Given a string S and a string T, find the minimum window in S which will contain all the characters in T in complexity O(n).

For example,
S = "ADOBECODEBANC"
T = "ABC"

Minimum window is "BANC".

Note:
If there is no such window in S that covers all characters in T, return the emtpy string "".

If there are multiple such windows, you are guaranteed that there will always be only one unique minimum window in S.

T:
We need two hashmap. One hashmap stores the number of each character in T. The other hashmap stores the number of character seen in S currently. We use to pointers to calculate the window. The end pointer traverse S and keeps updating the hashmap. If a character occurs less than it's in T, increase the number of characters that is valid for matching T. Once the number equals to T's size, we move the start pointer forward as long as there are more number of characters in current window than in T. By this, we can get the valid windows.

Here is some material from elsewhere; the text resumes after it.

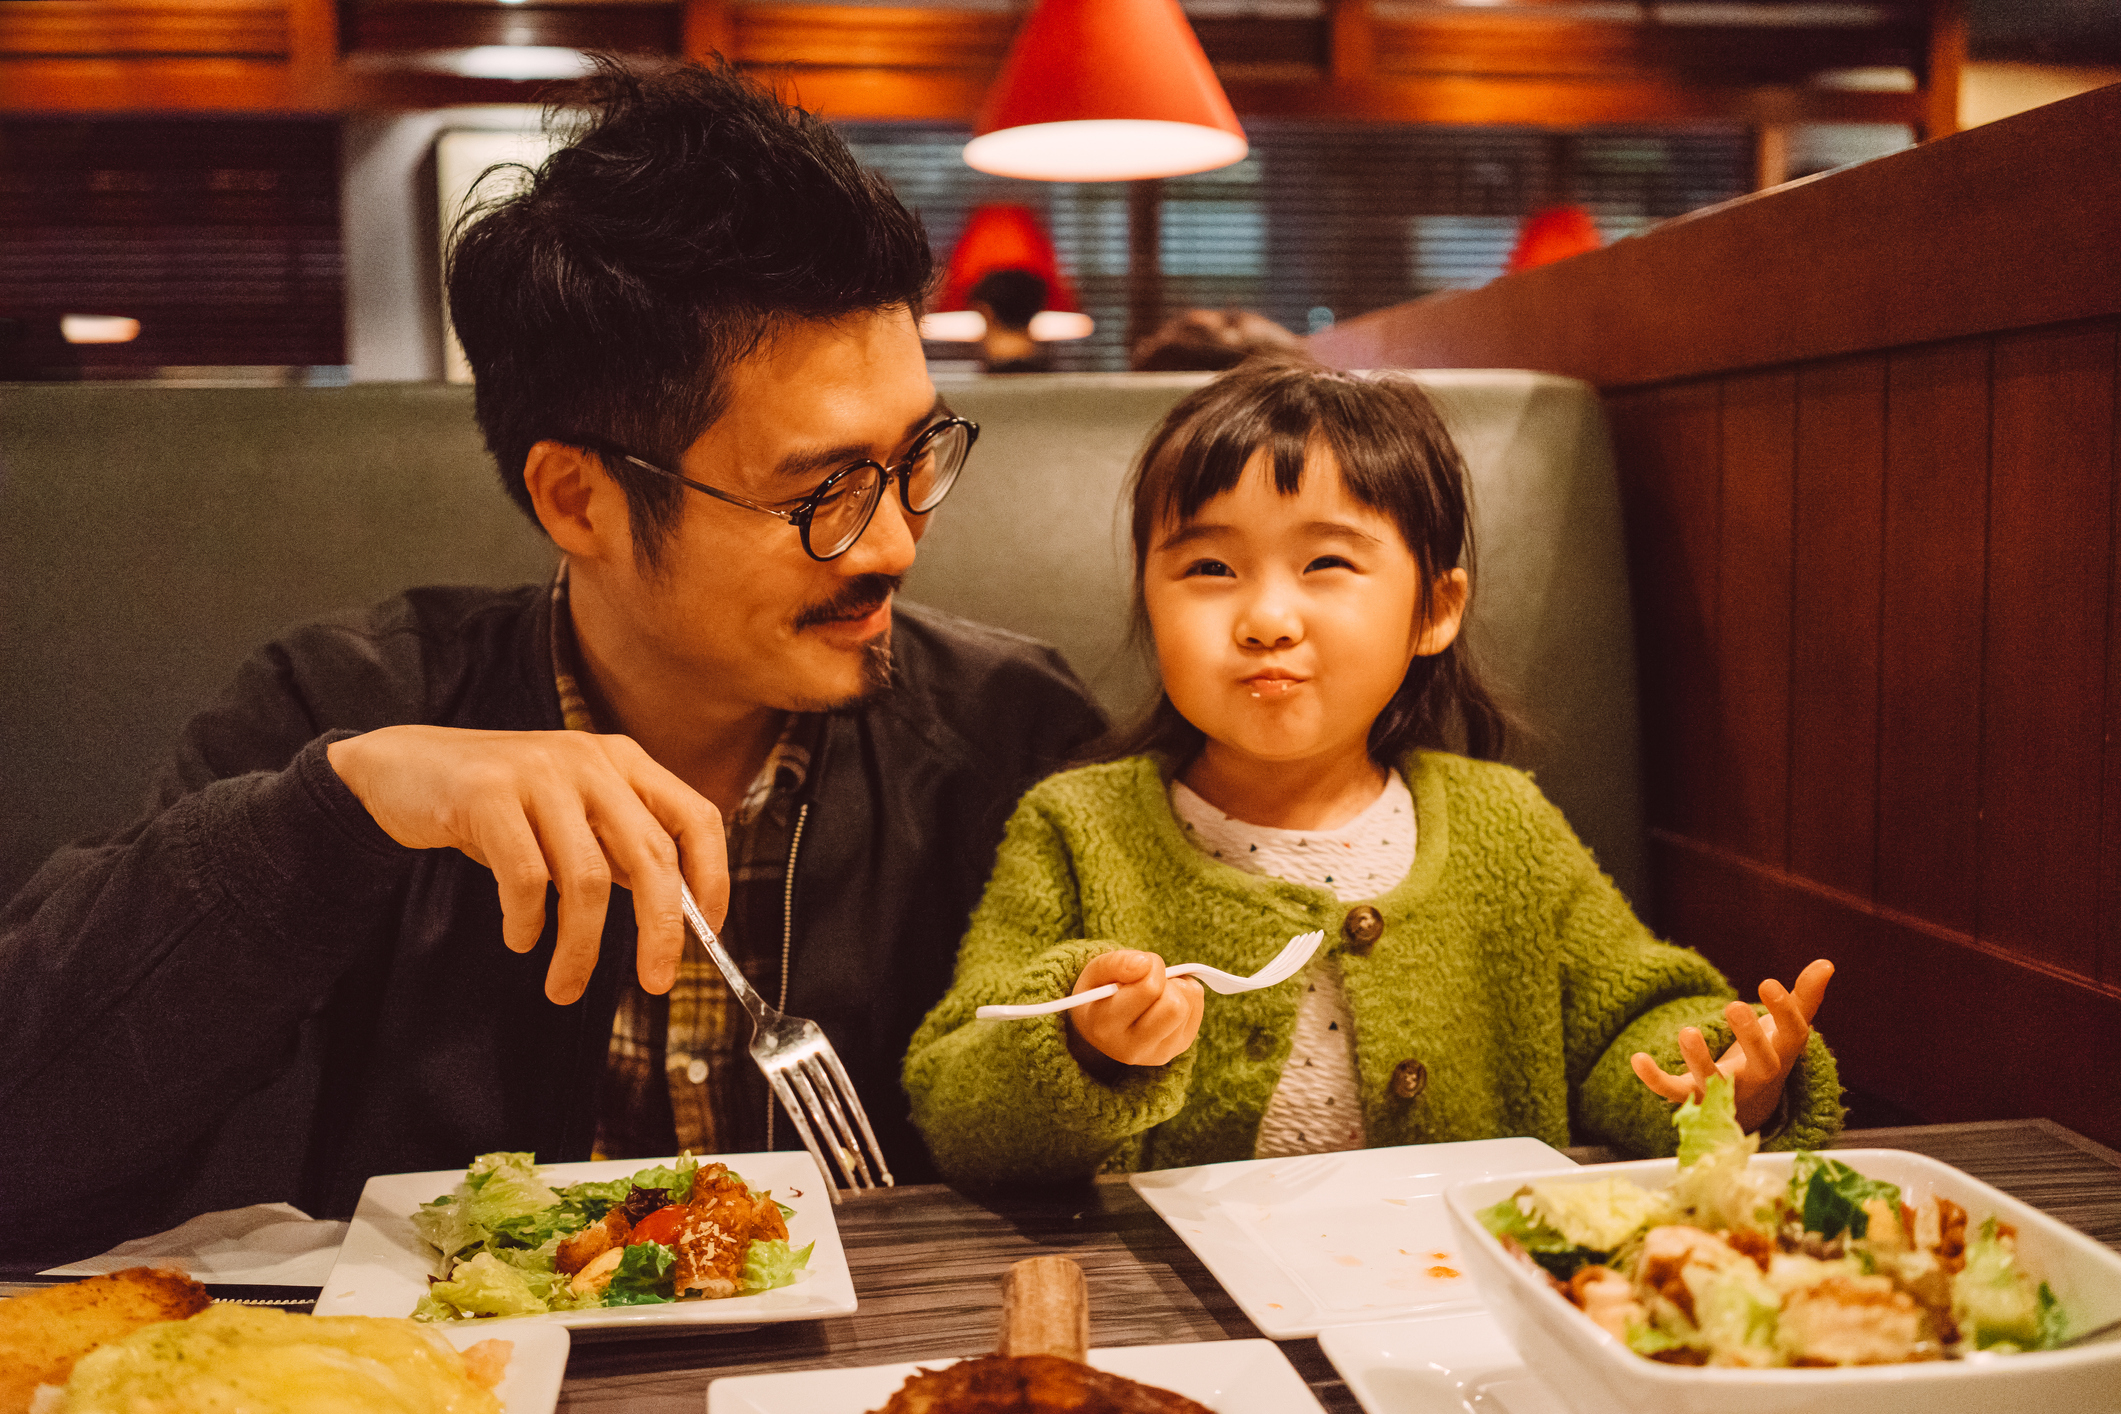 A father and daughter eating in a restaurant

Once we get a window, we record it if its length is smaller than previous window.

A:

class Solution {
public:
    string minWindow(string S, string T) {
        unordered_map< char, int > snum;
        unordered_map< char, int > tnum;
        for(int i=0; i < T.size(); i++) {
            tnum[T[i]]++;
        }
        string ret = "";
        int match = 0;
        int start = 0;
        int end = 0;
        for(end=0; end < S.size(); end++) {
            snum[S[end]]++;
            if(snum[S[end]] <= tnum[S[end]]) {
                match++;
            }
            if(match == T.size()) {
                while(snum[S[start]] > tnum[S[start]]) {
                    snum[S[start]]--;
                    start++;
                }
                if(ret.size()==0 || ret.size() > end-start+1) {
                    ret = S.substr(start, end-start+1);
                }
                snum[S[start]]--;
                start++;
                match--;
            }
        }
        return ret;
    }
};